It seems like I’m pretty much always stuck in between. I’m a college graduate, but I’m not quite in the career of my dreams yet. I’m a professional, but my hopes and dreams include a family. I’m perpetually single, eternally nomadic, and continually trying to find ways to feel like I have a system. I don’t think I’m alone in this either. I think there are a LOT of us in Generation Y who want to feel self-defined and settled while still progressing. Which is how I have ended up here at the 30 nothings blog. Adventure doesn’t have to mean leaving your home and living life to the fullest TODAY can easily help prepare for the future as well! I have found that one of the best solutions for us fetal adults is a good hobby or DIY! For this world of us 30 somethings I offer up my simple nothings: projects that keep the mind creative and the heart self-expressive, and little life lessons that might prove helpful.
Crafty or Skilled?
I’m going to say right now, I have never considered myself crafty. I mean really, that word implies something like cute colors, buttons, glitter, or endless fonts and paint. I know that my personal culture leads to these sorts of “beautification” projects, but I am not mightily invested in them. Rather I like big, organically historic looking decoration, and kitchen revamping projects. BUT that’s not to say that I can’t see the beauty in the craft and that I’m not fully happy to suggest you do a craft I would never undertake.
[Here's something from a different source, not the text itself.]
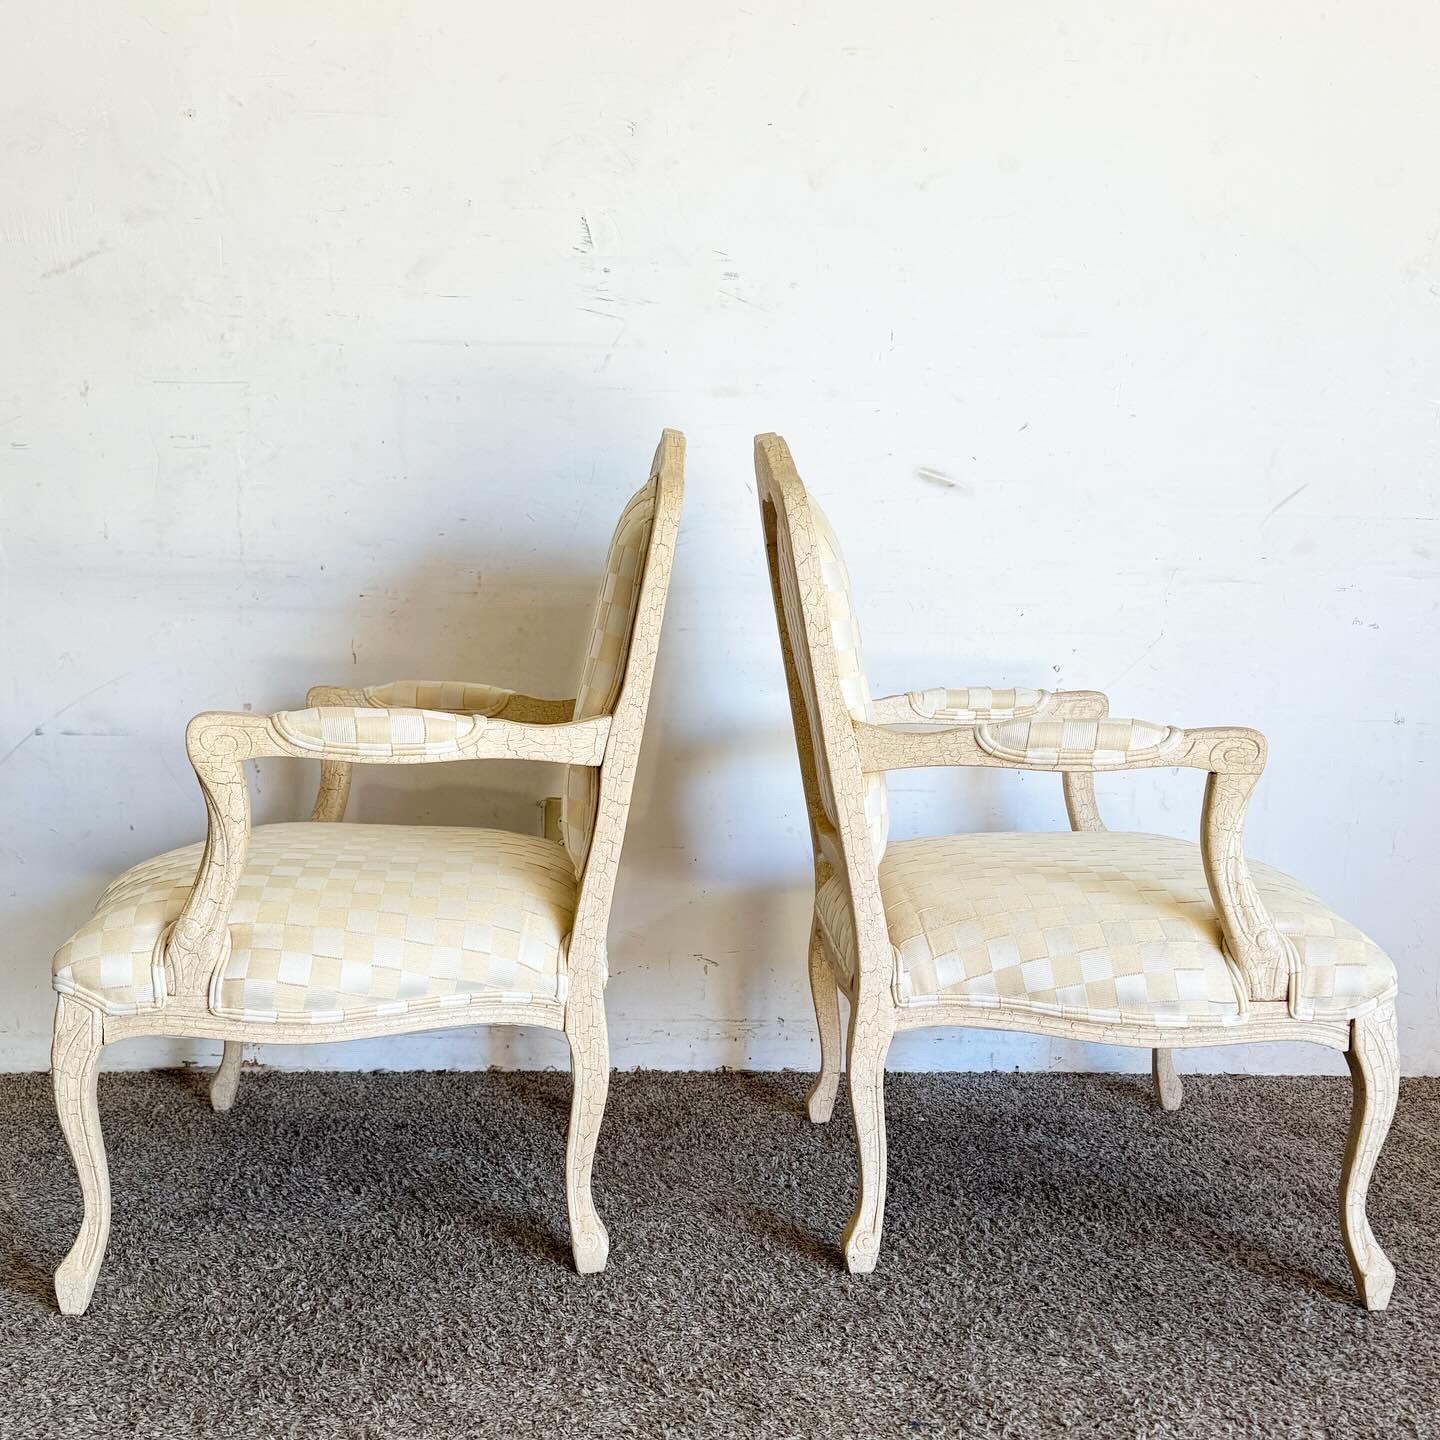 Vintage Regency Cream Crackled Finish Arm Chairs - a Pair For Sale 2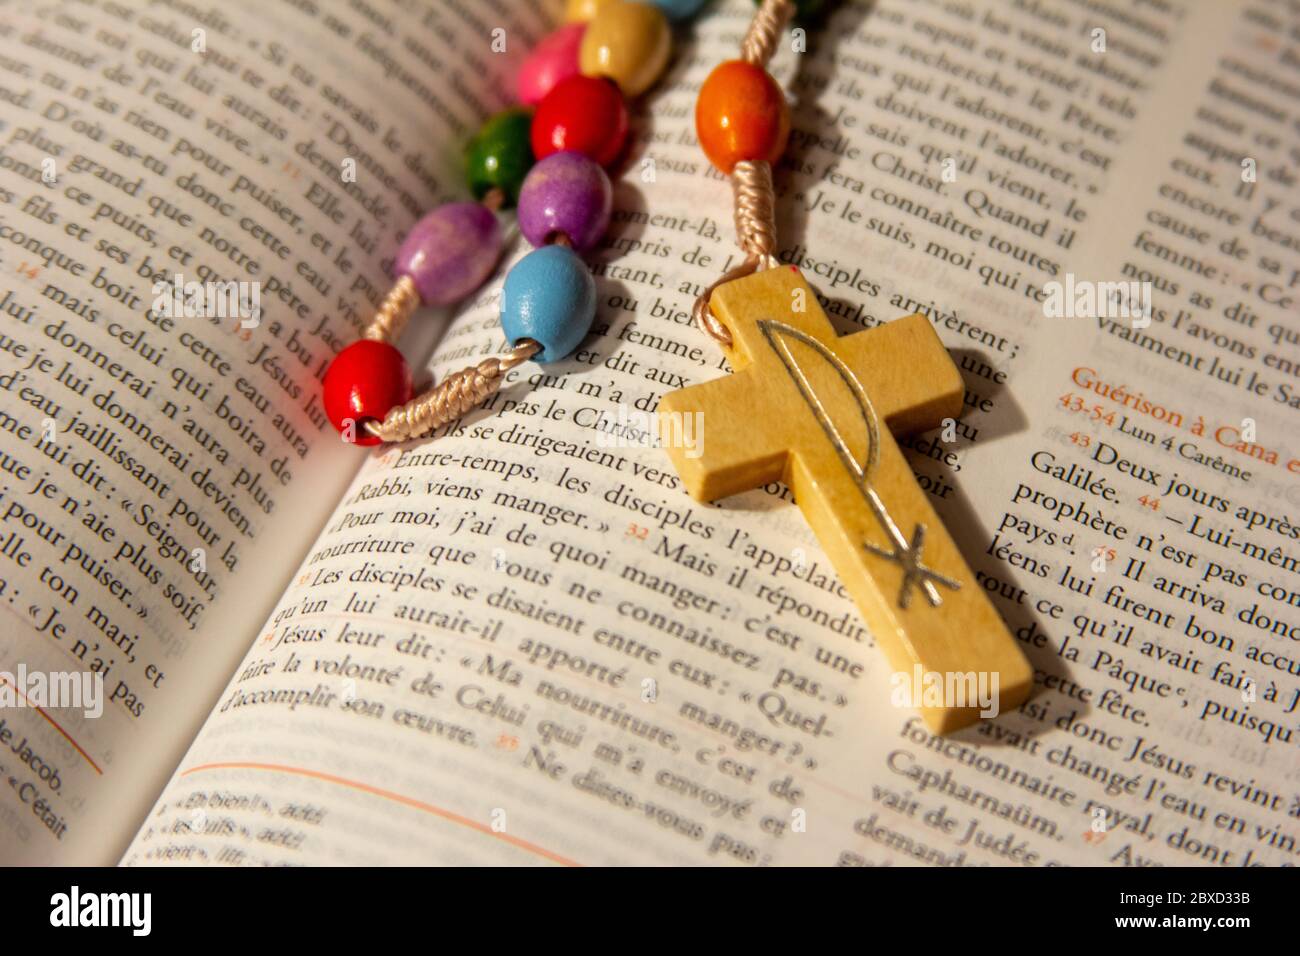 A rosary in an open Bible in French. Stock Photo

The trick about DIY, whether you are crafty or skilled, is to express YOU! Look for projects that will improve upon the world you are building around yourself. I am not suggesting that you create an exclusive hideout where no one else can participate, rather that you explore what you like. Big projects are really cathartic, with multipurpose ladders and toolboxes and plenty of demolition. But little projects can be just as fulfilling when they give you that sense of accomplishment and you have a much smaller mess to clean up.
And now for some cheeky how-to-be-an-adult ideas:
- Offer to pay for dinner when you go out with your parents. It’s one of those significant benchmark moves to make as it communicates that not only do you not expect them to continue to take care of you, but you’re also happy to take care of them too.
- Mistakes will be made, learn from them, don’t wallow in them.